This article provides an introduction to the world of similarity classifiers in a way that is simple and fun. We will attempt to introduce the topics in laymen's terms and provide examples that readers can play with and watch the results. While this intro series of articles will go into theory and formulas full of Greek letters, they will first build upon simple explanations and real world examples. Hopefully in reading this article you can gain an understanding of both the application and the math involved.

# Introduction to Similarity Classifiers

Similarity-based classifiers estimate the similarity between *things*. Once we know things are similar, we can begin to group them and make decisions based on that grouping.

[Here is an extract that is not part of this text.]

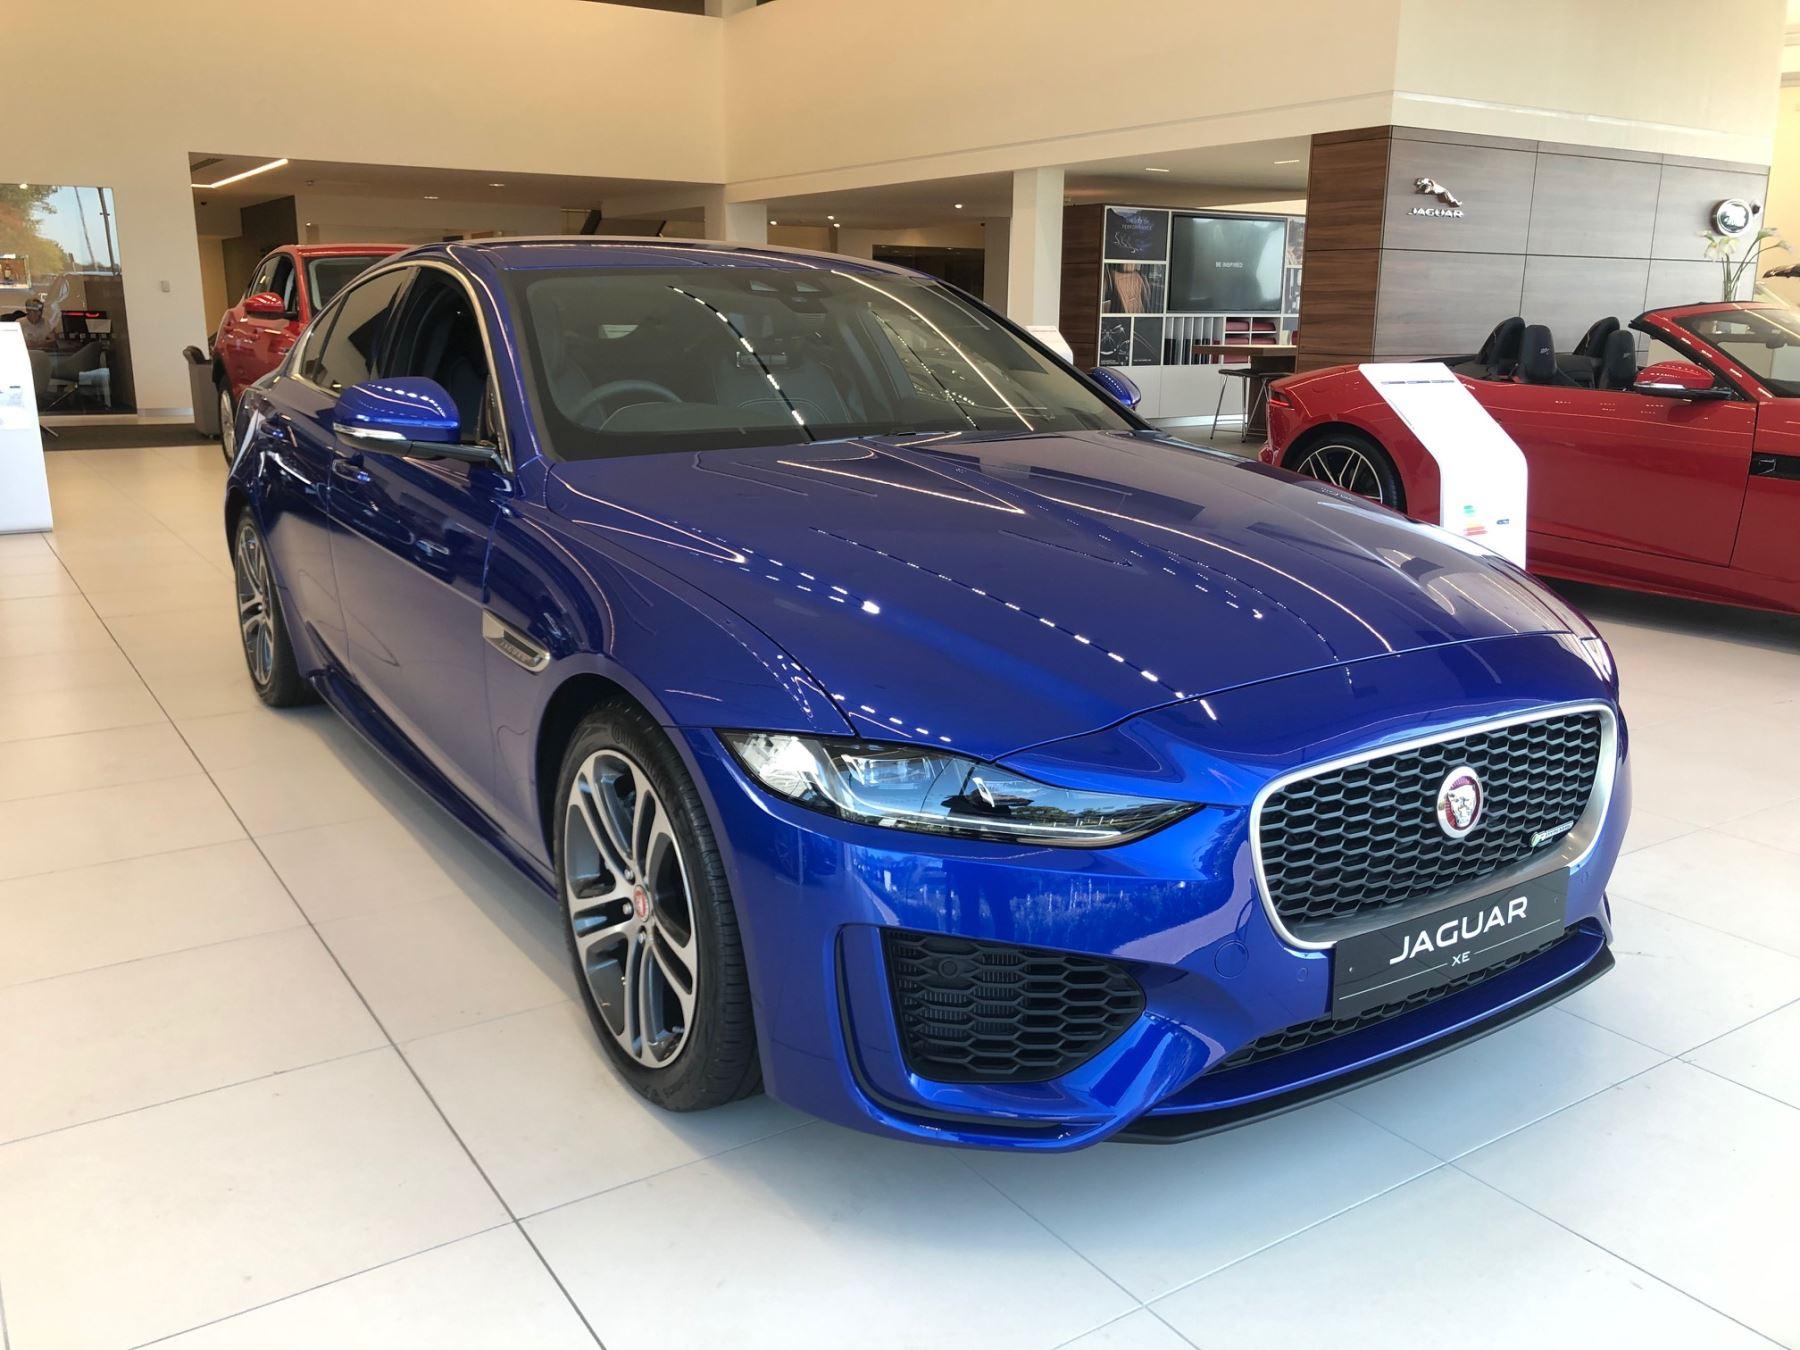 Jaguar XE 2.0 R-Dynamic SE image 1

Commercial businesses can make more money knowing that people who buy one type of item, are very often interested in "similar" items. Doctors who can successfully treat a specific pathology with specific medications can often successfully treat "similar" patients with those same medications. And the list goes on and on.- Pandora: "Is this song similar to 'Linkin Park' such that we ought to group it with the ‘Link Park’ radio station?"
- Google News: "Is this unknown web article similar to these other top news articles such that we ought to group them together in our news aggregator?"
- Amazon: "Is the movie 'Speed 2' similar to the movie 'Cinderella' and we should recommend it as a purchase to 'Speed 2' buyers?"
- Image Organizer: "Is this image similar to these other images in a collection, and thus we think this new image is of the same person?"

### Similarity is Domain Specific and Subjective

One of the fun aspects of similarity classification is that the approaches vary in different domains, and there is no true correct answer. The approach you follow to determine if a news article is similar to another, would very likely not be the same approach you would use to determine if two images are similar. The news article domain might use the probability of sharing certain key words as a similarity indicator, while for images you might want to look at colors and pixel groupings.## Example: Finding the similarities between movies and movie buyers

For the first set of classifiers I'm stealing an example from the great book "Programming Collective Intelligence" by Toby Segaran. But rather than focus on the code, this article will use the example to simplify and explain the math.The premise is that a store like Amazon.com wants to recommend items a customer might like. In order to make a decision on what to recommend we can take two different approaches. We could find similar movie buyers, and recommend movies that those similar buyers like. This is akin to getting movie recommendations from a friend who has similar tastes as you. Alternatively, we could try to classify how similar movies are to each other, and recommend similar movies to the movies that you already like. For example, one could argue Batman is similar to Superman because both are superhero movies, so we could recommend Batman to buyers who purchase Superman.

For brevity this article is going to stick with only talking about the similarity of movie viewers rather than item similarity, but the algorithms are the same. Click the link below to play with a simple app that calculates the similarity between movie viewers using the mathematics we will discuss in detail.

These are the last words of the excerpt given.